Am 16. Juni wird sich herausstellen, ob Liechtenstein ein neues Landesspital baut.
PD
Es gehe den Kantonsrätinnen und Kantonsräten nicht darum, den Neubau des Landesspitals zu verhindern. Vielmehr wünschen sie sich, dass Liechtenstein und der Kanton St. Gallen das Leistungsangebot gemeinsam ausgestalten und eben aufeinander abstimmen. «Eine Konkurrenzsituation zwischen zwei staatlich finanzierten Spitälern in unmittelbarer Nähe bringt keiner Seite einen Vorteil. Die Nutzung von Synergien dagegen schon», ist der SVP-Kantonsrat überzeugt.
Dieses Vorgehen würde eine Doppelspurigkeit vermeiden. Denn ein Spital brauche unter anderem hohe Fallzahlen, um effizient und qualitativ hochwertig arbeiten zu können. Schmid mahnt: Da auf beiden Seiten des Rheins die Krankenkassenprämien stetig steigen, wäre ein Wegschauen in dieser Frage teuer.
Manuel Fricks Bedenken, wonach Liechtenstein ein falsches Zeichen nach Chur senden würde, seien unberechtigt, denn eine engere Zusammenarbeit zwischen Grabs und Vaduz stehe in keinem direkten Widerspruch zur bestehenden Partnerschaft mit Chur.«Grabs ist kein Zentrumsspital», erinnert Schmid.

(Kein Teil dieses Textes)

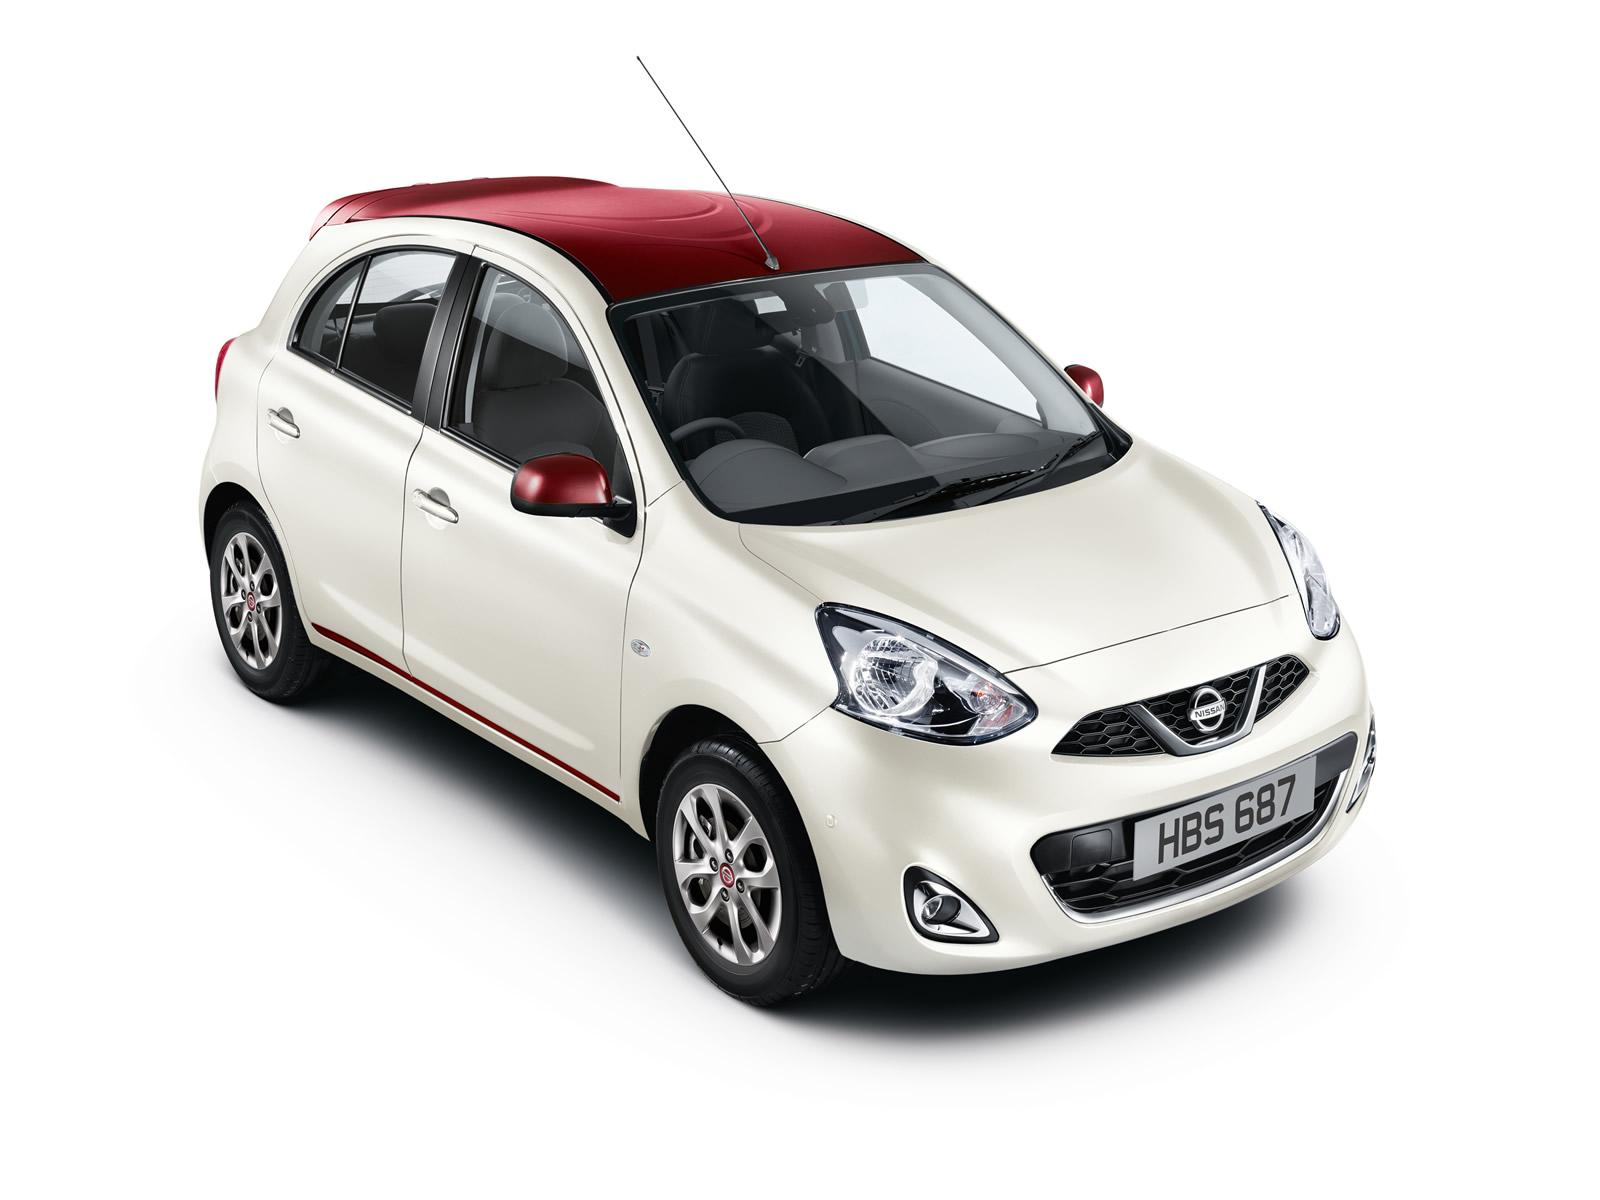 Next gen Nissan Micra for India to launch in 2016

Doch wie sähe die von den SVP-, FDP- und Mitte-Fraktionen erhoffte Kooperation aus? Immerhin hat Gesundheitsminister Frick bereits dargelegt, dass die Brücken über den Rhein längst geschlagen sind.
Die Lösung: eine eigenständige Gesellschaft?
Die Kantonsrätinnen und Kantonsräte schlagen zum Beispiel eine eigene Trägerschaft für die Spitäler Grabs und Vaduz vor. Auch Institute für Teilbereiche sollen die Regierungen prüfen. Schmid ist überzeugt, dass dies einen Mehrwert für beide Beteiligten bringt: Bei einer Trägerschaft könnte das Spital Grabs mit dem Landesspital in einer gemeinsamen, von den St. Galler Spitalverbunden separierten Gesellschaft aufgehen.
Dafür brauche es aber eine Zusammenarbeit auf Augenhöhe. Etwas, das aus Schmids Sicht in der Vergangenheit zu kurz gekommen sei. Das wird sich nun aber ändern. Zwangsläufig, denn der Kantonsrat hat der St. Galler Regierung den verbindlichen Auftrag hierzu erteilt.
Ein neues Landesspital für 71,5 Millionen Franken
2019 hat das Stimmvolk einem Neubau des Landesspitals für 65,5 Millionen Franken zugestimmt.
Dieses Vorhaben ist inzwischen wieder umstritten. Unter anderem deshalb, weil es 2022 danach aussah, als würde das Projekt um 21 Millionen Franken teurer werden. Obwohl die Regierung die voraussichtlichen Mehrkosten auf 6 Millionen Franken senken konnte, hat ein überparteiliches Komitee das Referendum ergriffen.
Am 16. Juni werden die Bürgerinnen und Bürger Liechtensteins deshalb ein zweites Mal über ihr Landesspital abstimmen. Lehnen sie den Ergänzungskredit ab, gibt es keinen Neubau. Das Land müsste dann weiterhin in den bestehenden Standort investieren. «Das kommt uns am Ende teurer, es stört den laufenden Betrieb und das Ergebnis ist schlechter», sagte Gesundheitsminister Manuel Frick gegenüber dem Vaterland.